*** Opening INFORMATION SHOWN ***

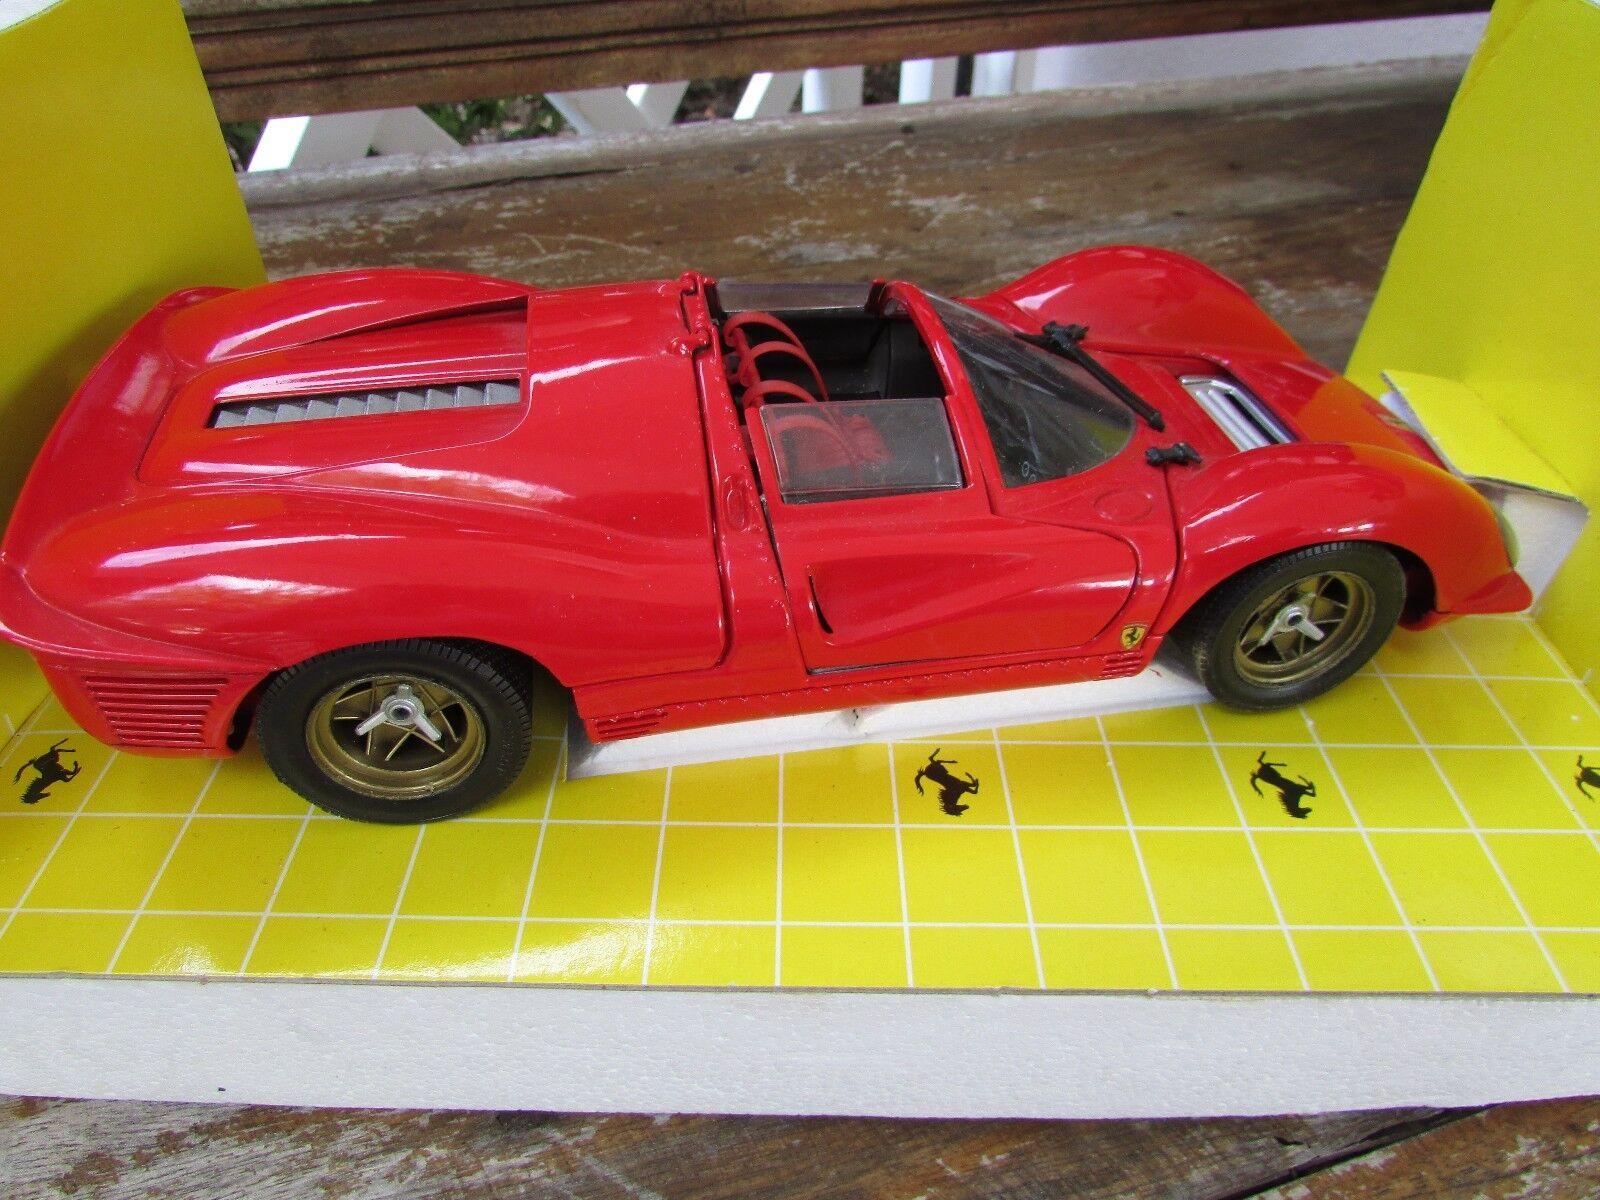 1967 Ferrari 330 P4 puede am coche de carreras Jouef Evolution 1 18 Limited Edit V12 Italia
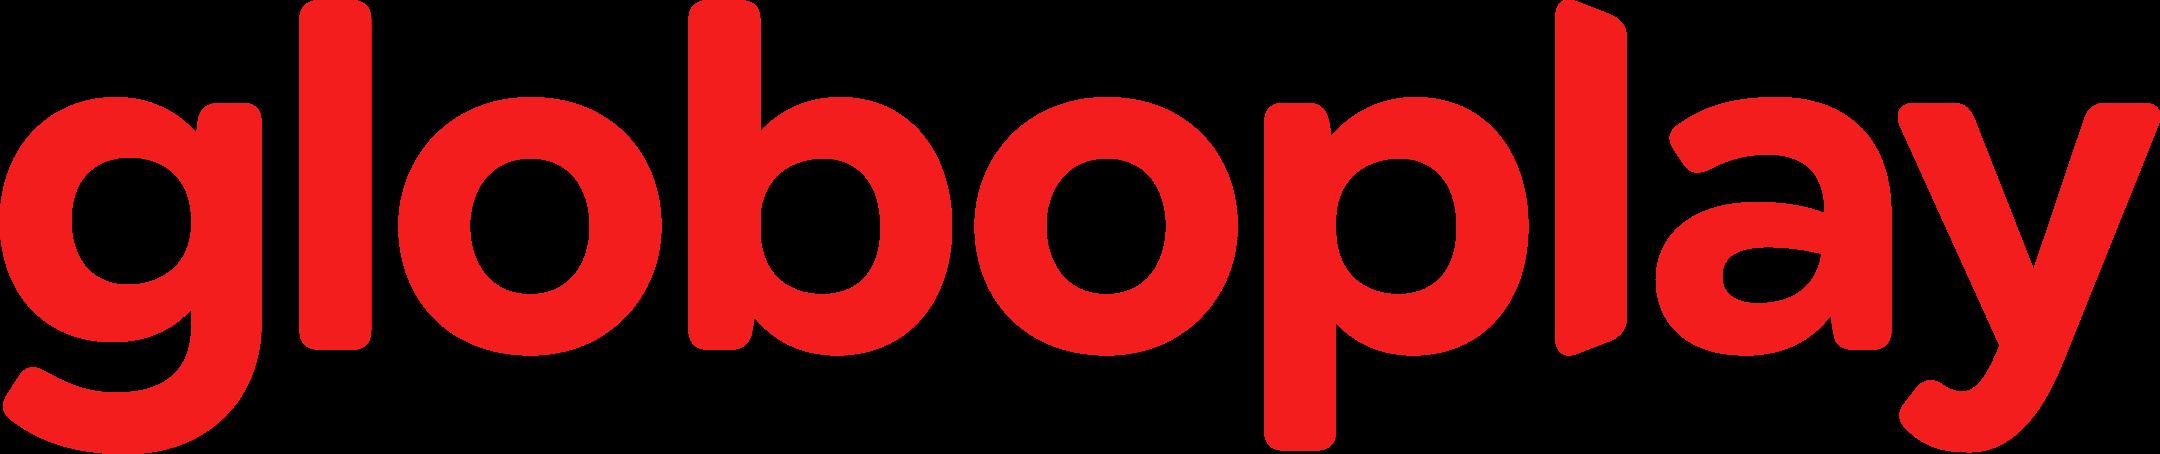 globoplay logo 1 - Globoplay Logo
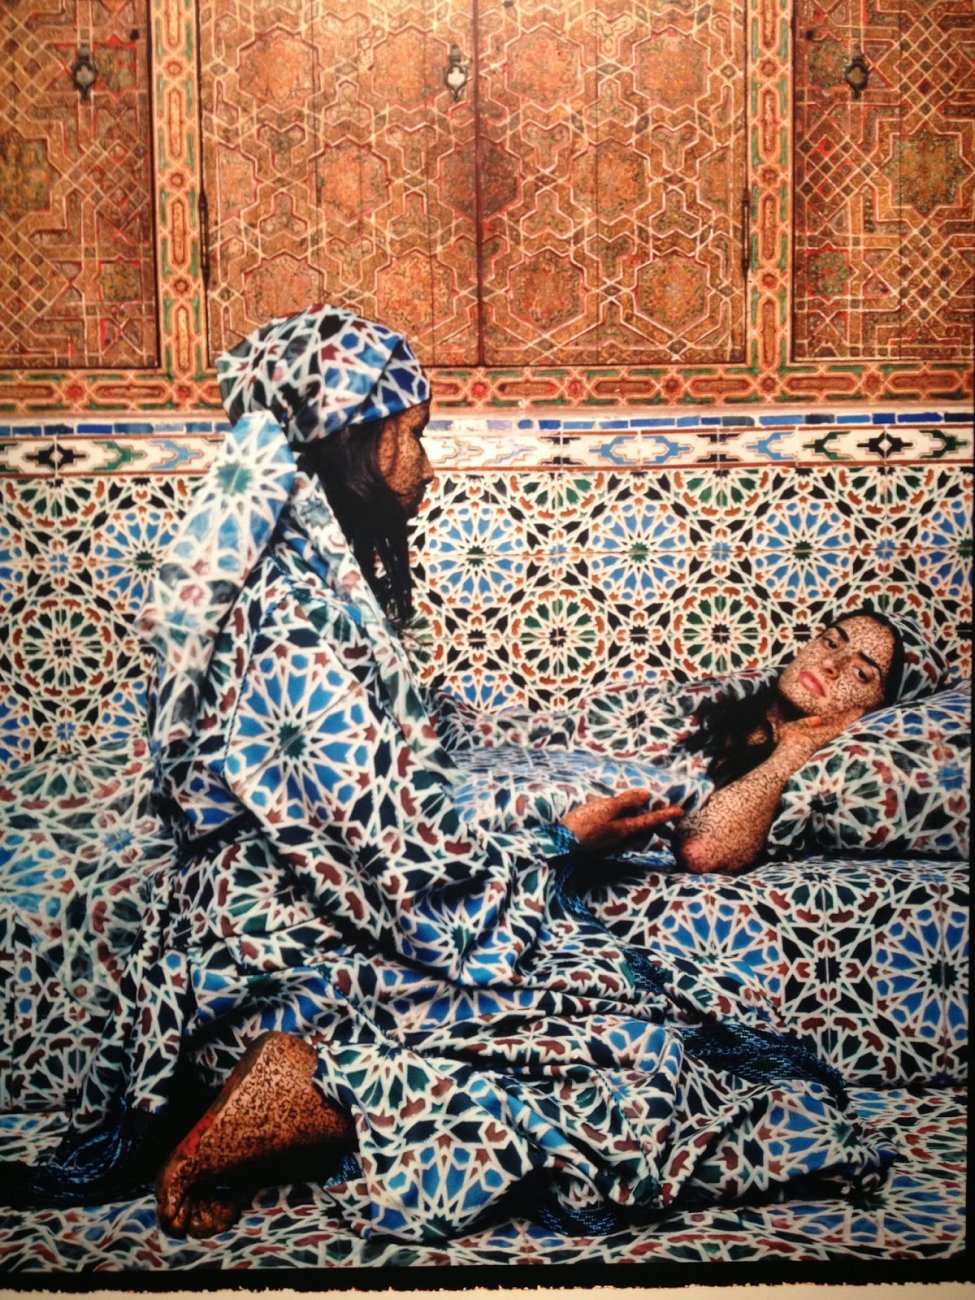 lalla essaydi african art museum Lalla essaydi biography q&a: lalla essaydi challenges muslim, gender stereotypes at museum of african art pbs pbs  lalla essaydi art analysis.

*** Closing INFORMATION SHOWN ***

__EXERCISE AIM__
Skip all pictures. Then give again, exactly, each line from the line holding "globoplay logo 1 - Globoplay Logo" through the last line of the listing above, both ends included.

__ANSWER FOR THIS EXERCISE__
 globoplay logo 1 - Globoplay Logo
 lalla essaydi african art museum Lalla essaydi biography q&a: lalla essaydi challenges muslim, gender stereotypes at museum of african art pbs pbs  lalla essaydi art analysis.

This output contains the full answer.